## Your instructions
A verbatim copy of all the data is required, minus any images.

## Dataset excerpt

*** Block opens ***

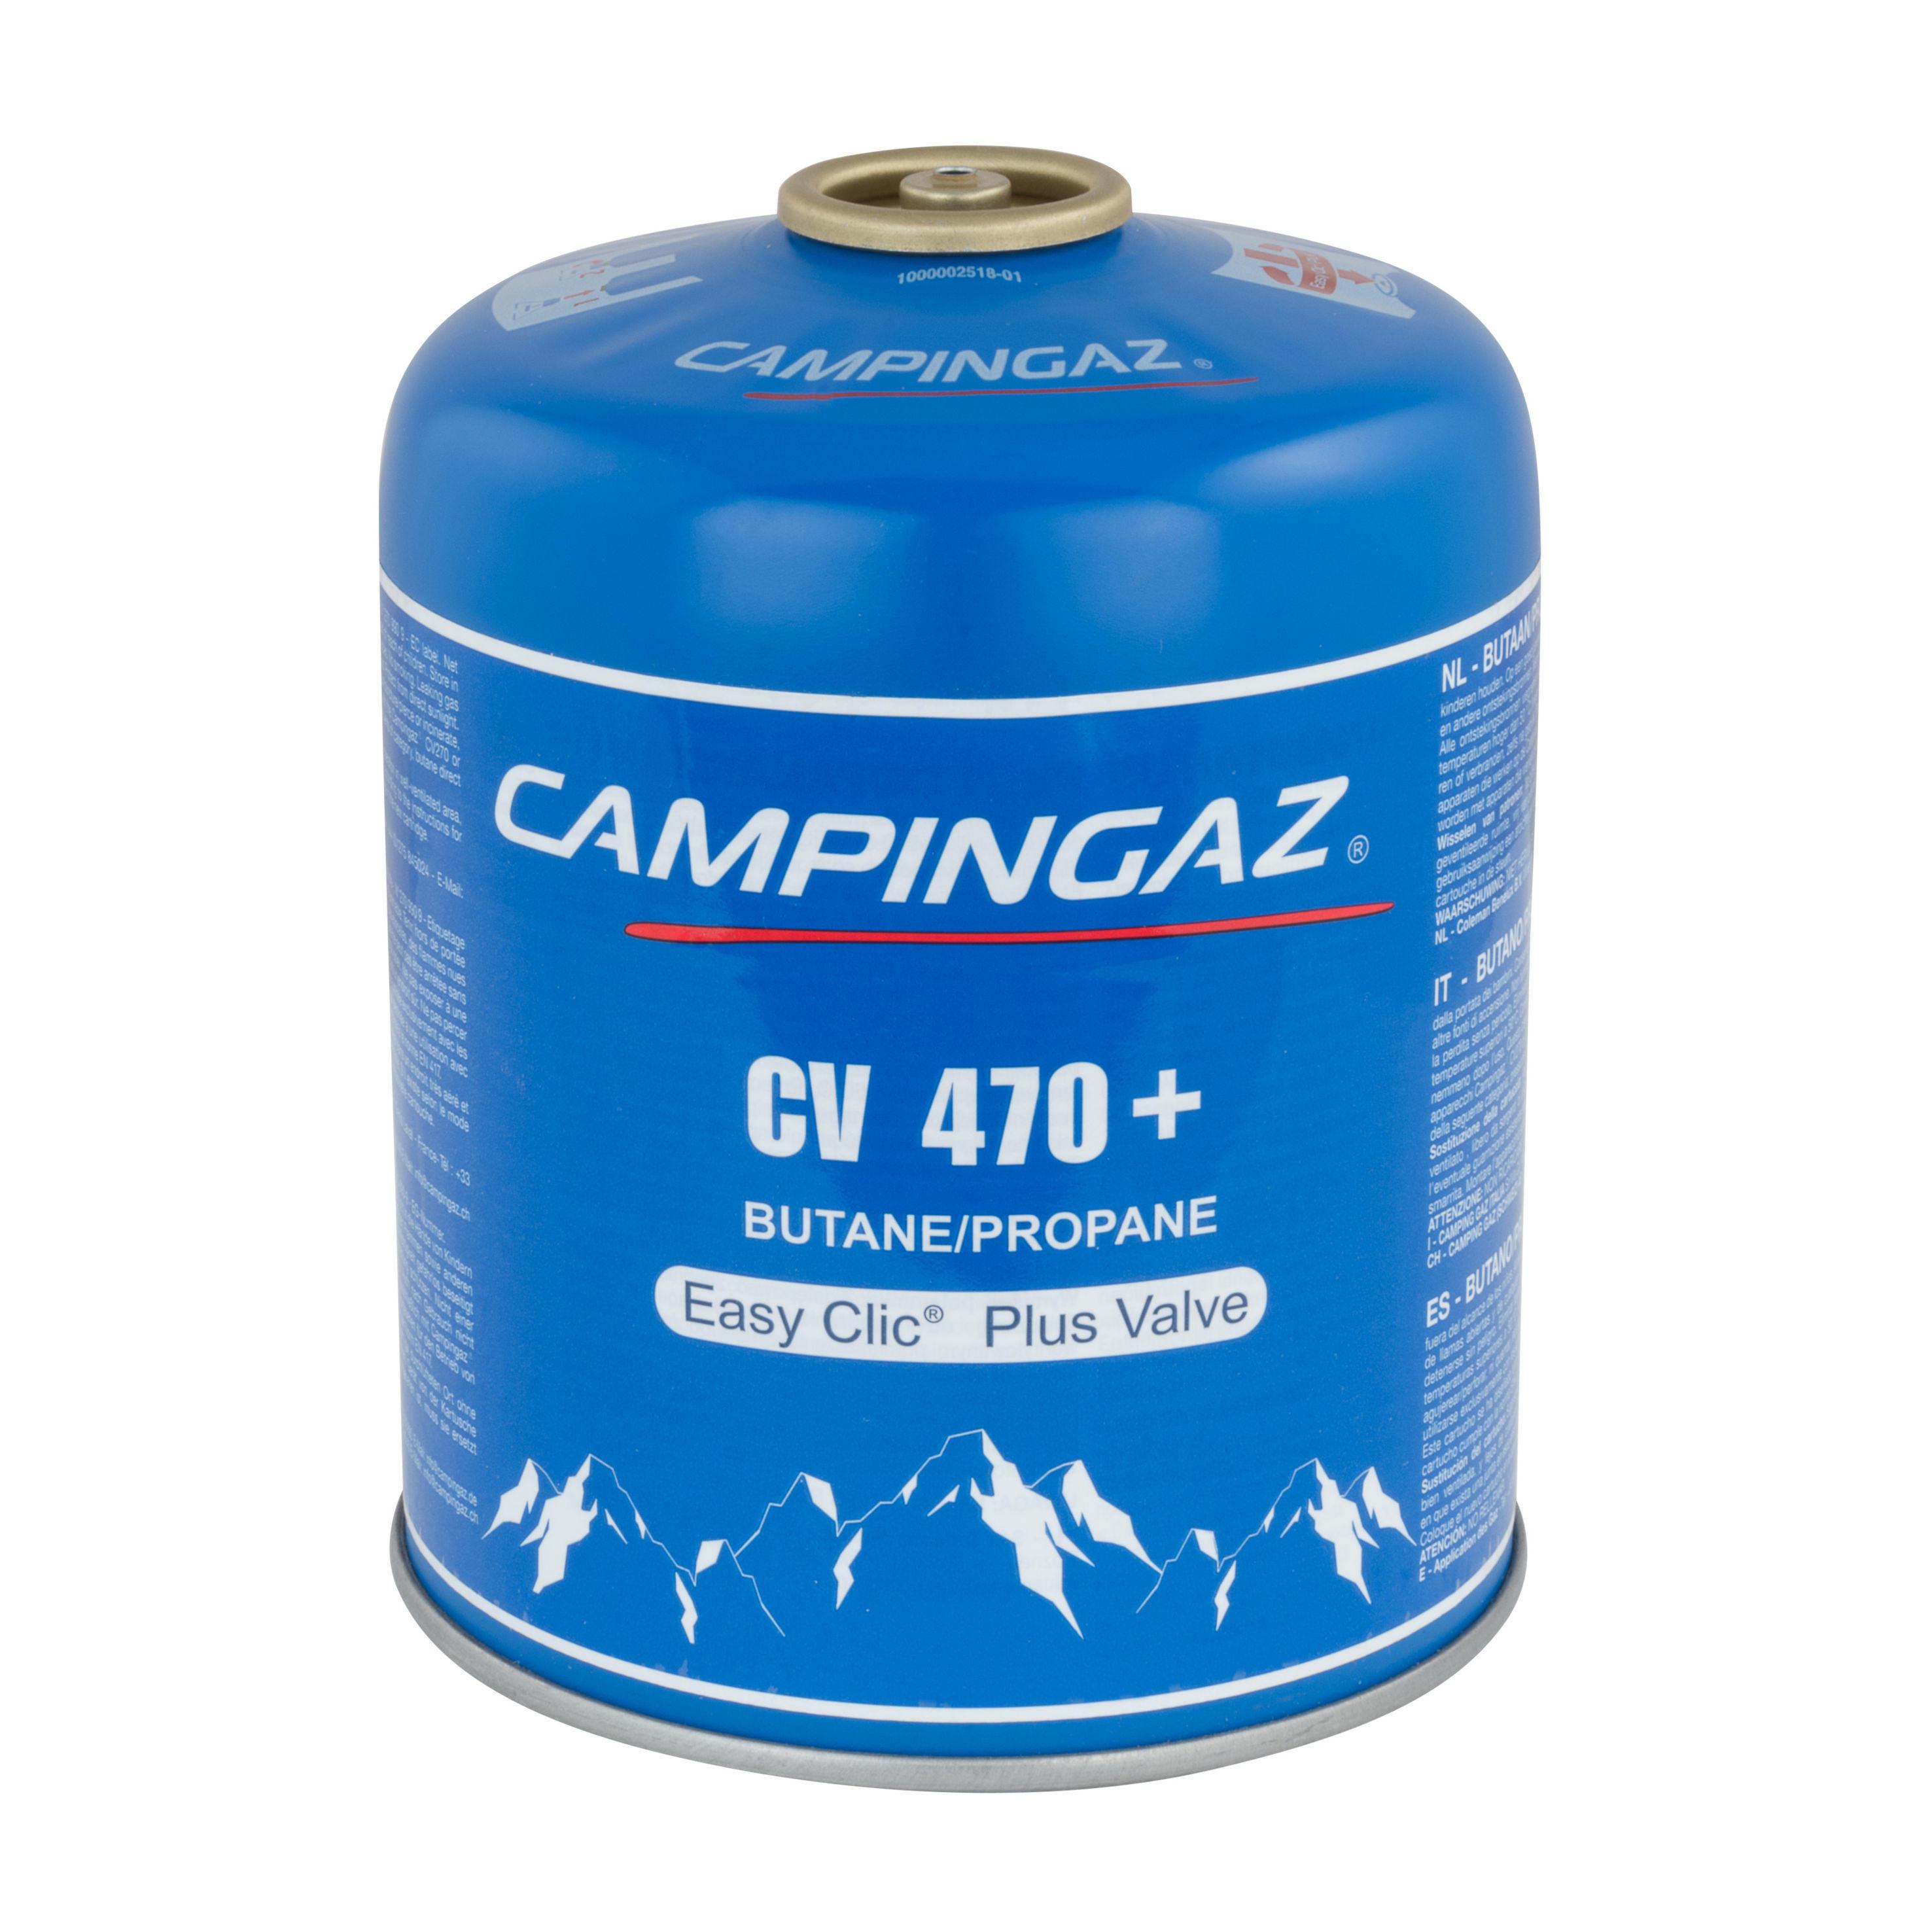 Campingaz Gasbusje met ventiel voor kooktoestel CV470 + (450 gram)
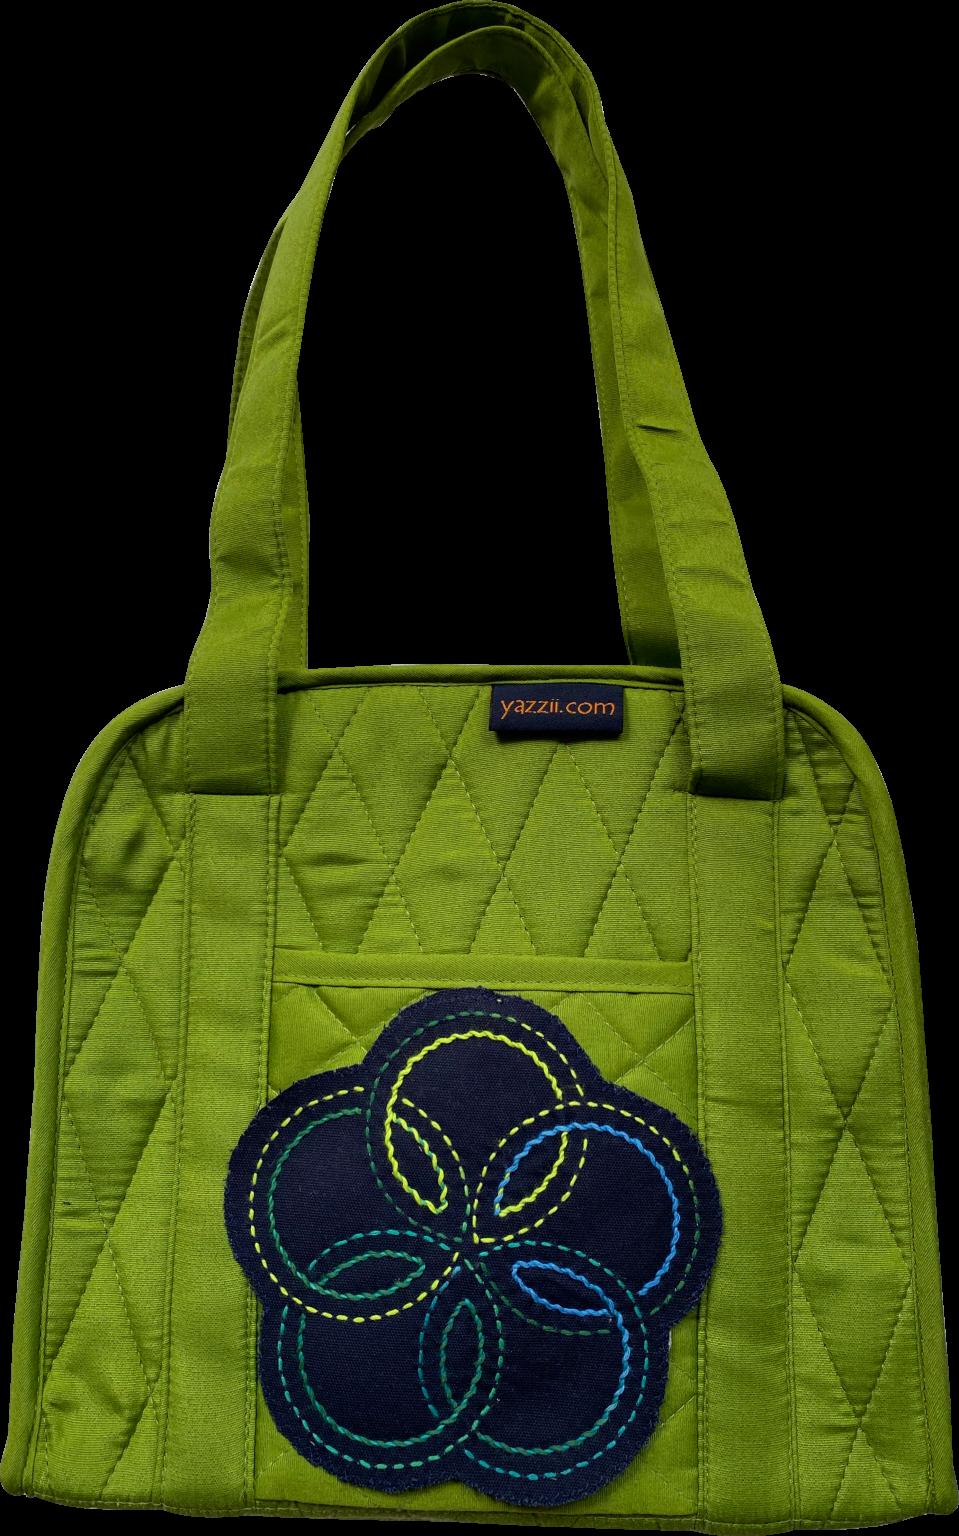 green oval craft organiser bag with sashiko
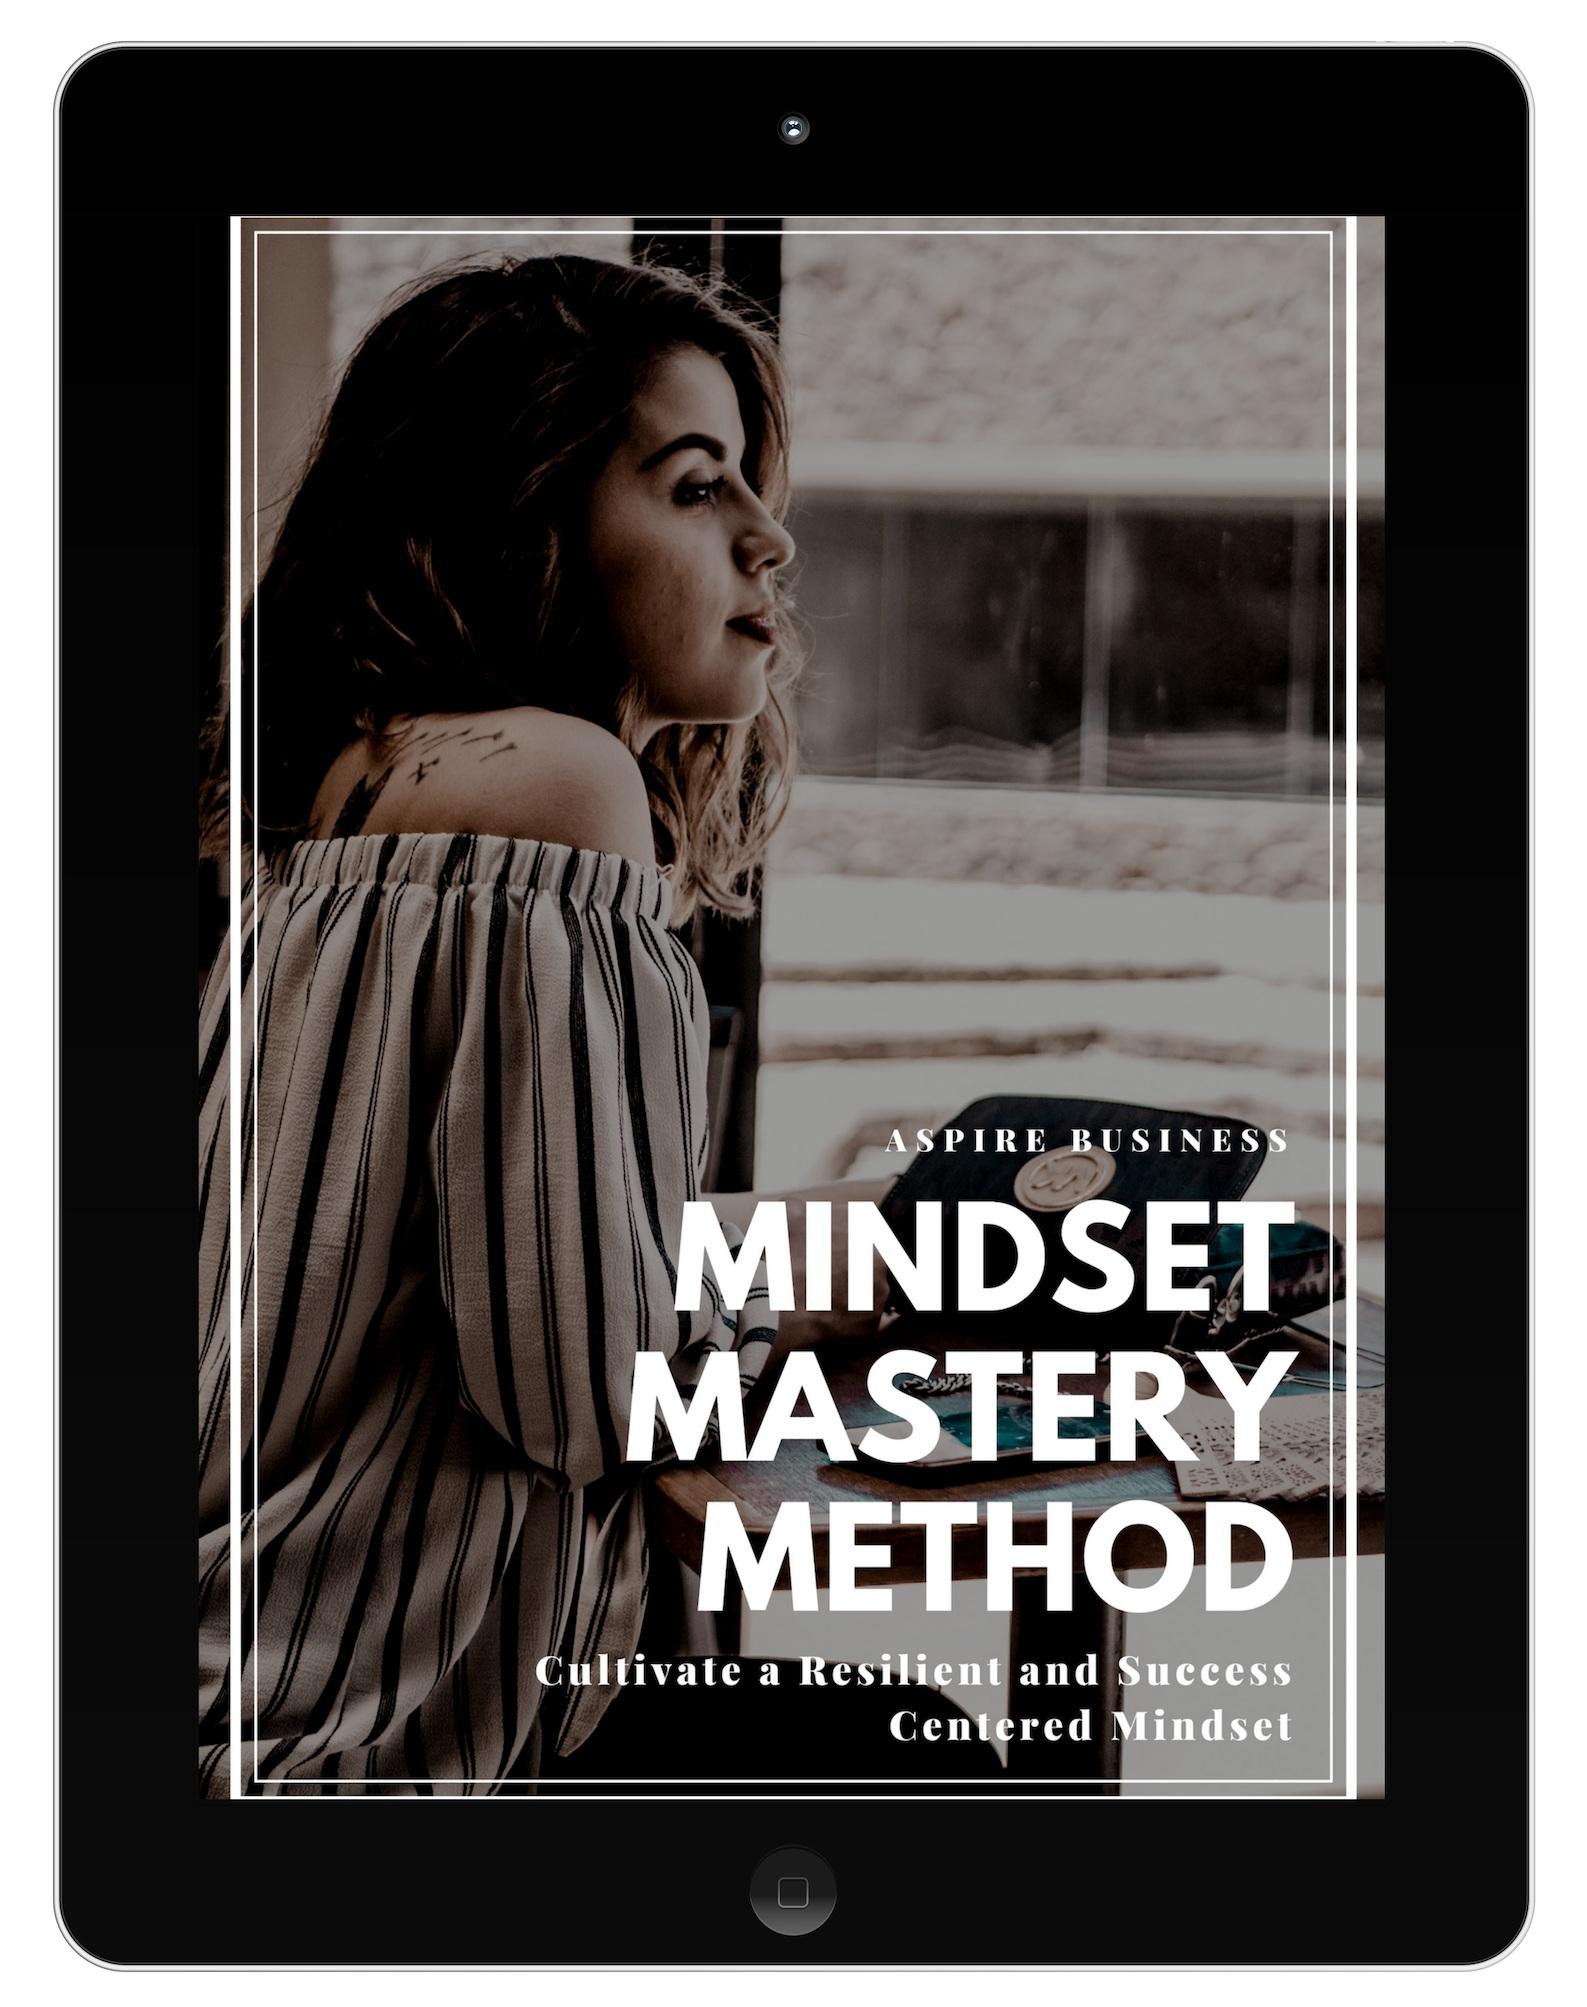 Mindset Mastery Method

*** Block closes ***

## Written solution
 Campingaz Gasbusje met ventiel voor kooktoestel CV470 + (450 gram)
 green oval craft organiser bag with sashiko
 Mindset Mastery Method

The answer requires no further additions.